Баллистические характеристики также не впечатляли. Он посмотрел на кронштейн, отштампованный из плохого металла, хорошо показанный на увеличенном фото и заметил, что детализации хватало даже для того, чтобы разглядеть две пустые дырки под болты в пластине, которая соединяла прицел и винтовку. Какое влияние на события это могло дать? Как долго два имевшихся винта плотно удерживали прицел, если они вообще были затянуты? Один выстрел или два? Или, что гораздо важнее, три? Каковы были последствия ослабления прицела, который вставал в новое положение после каждого выстрела, теряя точность? Все хорошие стрелки подтягивают прицелы перед стрельбой, а Освальд? Знал ли он об этом? В Корпусе он не тренировался с оптикой, а был обучен только открытому прицелу М1, щёлкающему по гравированным показаниям дальности— замечательному механическому устройству своего времени. Понимал ли Освальд концепцию обнуления прицела? Был ли его прицел обнулён? Работал ли с ним Освальд после приобретения?
На все эти вопросы можно было ответить только после изучения самой винтовки, именно этой и никакой другой. Раз именно эта штука и сделала всё, ему следовало узнать о ней больше. Боб решил приобрести и изучить её— они были доступной дешёвой рухлядью в пределах трёх сотен. Мог ли он научиться работать болтовым затвором, мог ли он быстро найти цель сквозь свой дешёвый и не самый ясный четырёхкратник, могла ли винтовка сохранить точность на протяжении серии выстрелов, мог ли ремень повысить точность, если Освальд— которого в Корпусе научили использовать ремень— использовал его в своих выстрелах? На всё это предстояло найти ответы.
Суэггер устал от этого места. Ничего особенного, никакой эмоциональной реакции на иностранных посетителей, бегающих детей, туристов из Огайо— с него было довольно и настало время уходить.

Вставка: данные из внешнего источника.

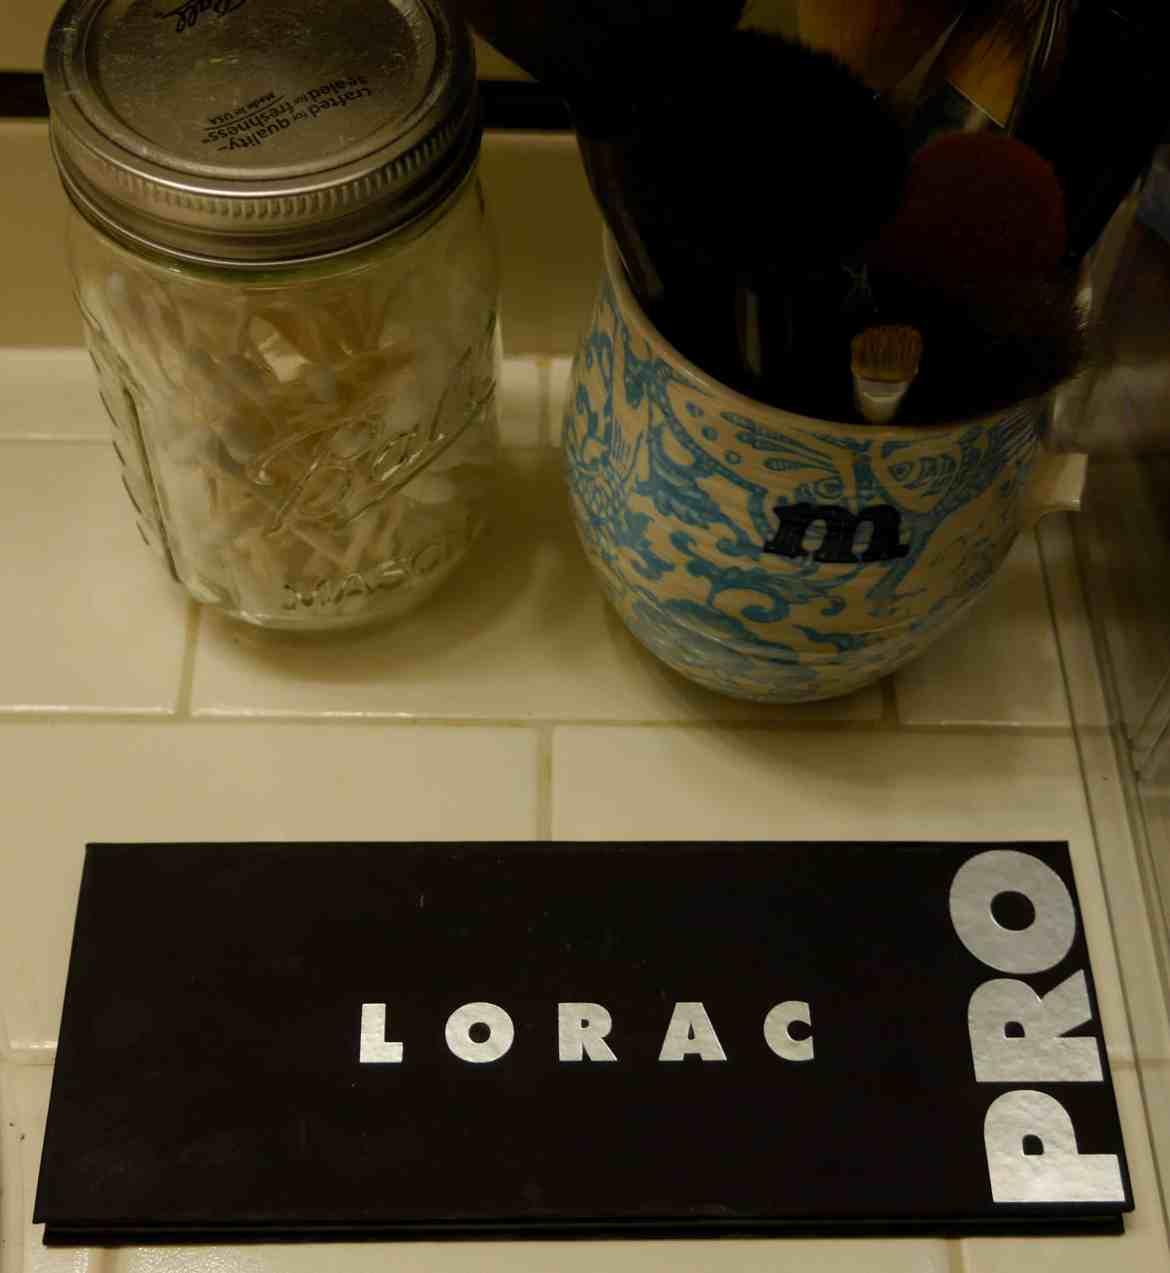 lorac-pro-palette-eyeshadows-swatches.jpeg

Теперь травяной холм. Это был пример абсурдного тщеславия: фальшивый греческий замок, выстроенный на травяном склоне вдоль оживлённой улицы в центре города. Чья-то давнишняя идея показать класс, из того времени когда греческая модель была излюбленной и ценимой в Америке. Но выглядело это всё как декорация к фильму о древнем Риме и казалось, что вот-вот вокруг начнут прохаживаться люди в тогах.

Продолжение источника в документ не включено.